You remember the story about the brandy and whiskey found in Antarctica? A lovely story.
A box of spirits has been lying in the ice for more than a 100 years. The brandy and whisky was left in the ice by Sir Ernest Shackleton and his team – when the box was opened 11 bottles of Mackinlay’s Scotch whiskey were revealed and one 1977 Cognac… (and that’s not true). The team left it just there after a trip to Antarctica for Shackleton’s 1907 Nimrod expedition.
Armagnac sold – Whiskey did not find buyer
Let’s set something straight: everyone in the web writes about a bottle of Cognac. But it’s not a Cognac. It’s an Armagnac. The Janneau Grande Armagnac 1872 is the oldest reserve of the Janneau family and Armagnac is distilled in Gascony in Southwestern France, not in Charente, and is seen as the only brandy that’s able to come close to the Cognac quality.
Auctioneer McTears just sold the rare 19th century bottle which went under the hammer today in Glasgow.
The rare Janneau 1872 was expected to get £1,800 and finally did 1.880 pounds.
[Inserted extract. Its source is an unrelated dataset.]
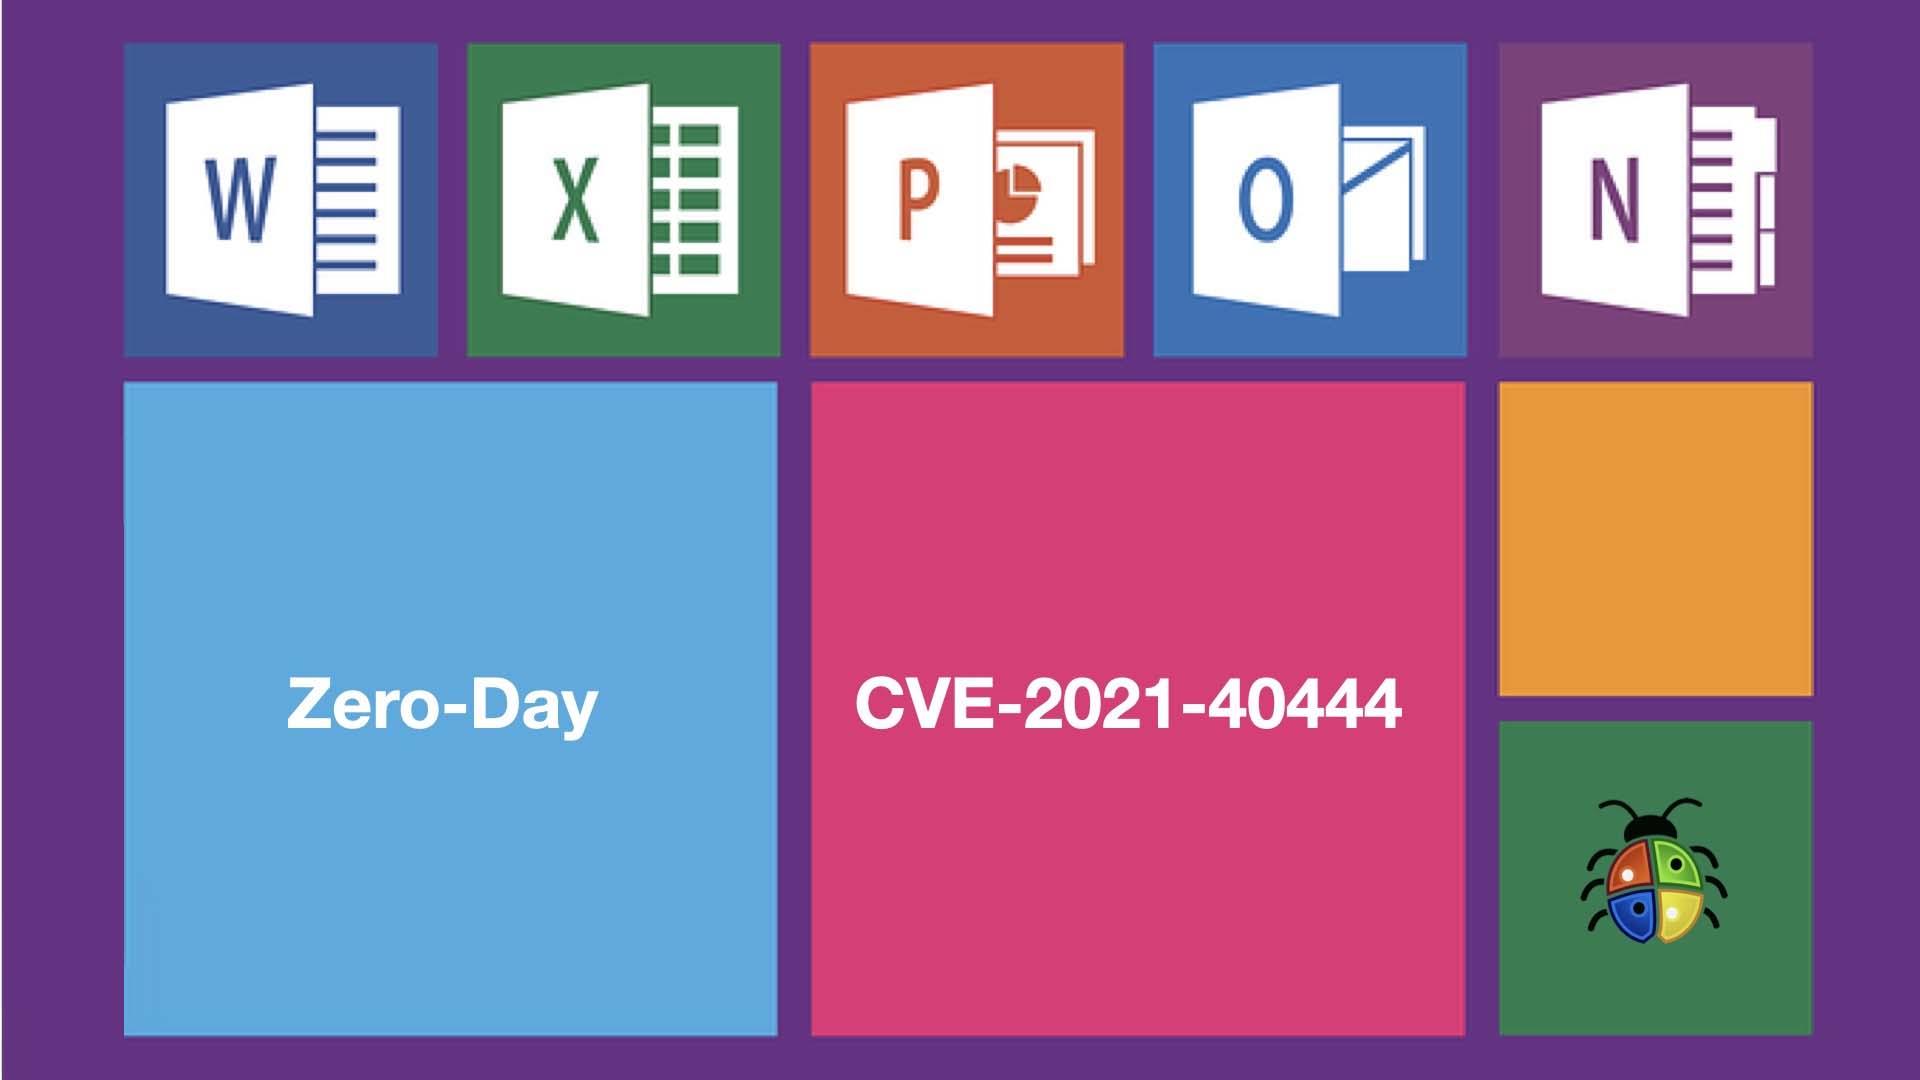 cve-2021-40444

The brandy was bottled in 1977 and must be one of the oldest of Janneau.
Andrew Bell, spirit specialist at McTears is confident that the bottle is still drinkable.
“With very old bottles there is always the danger that over the years the spirit has been spoiled in some way, however these are very good examples and we are confident that the contents are in good condition and drinkable. The big question though is having spent several thousands pounds on a bottle, would you actually want to drink your investment?”
By the way: The whiskey bottles were not sold.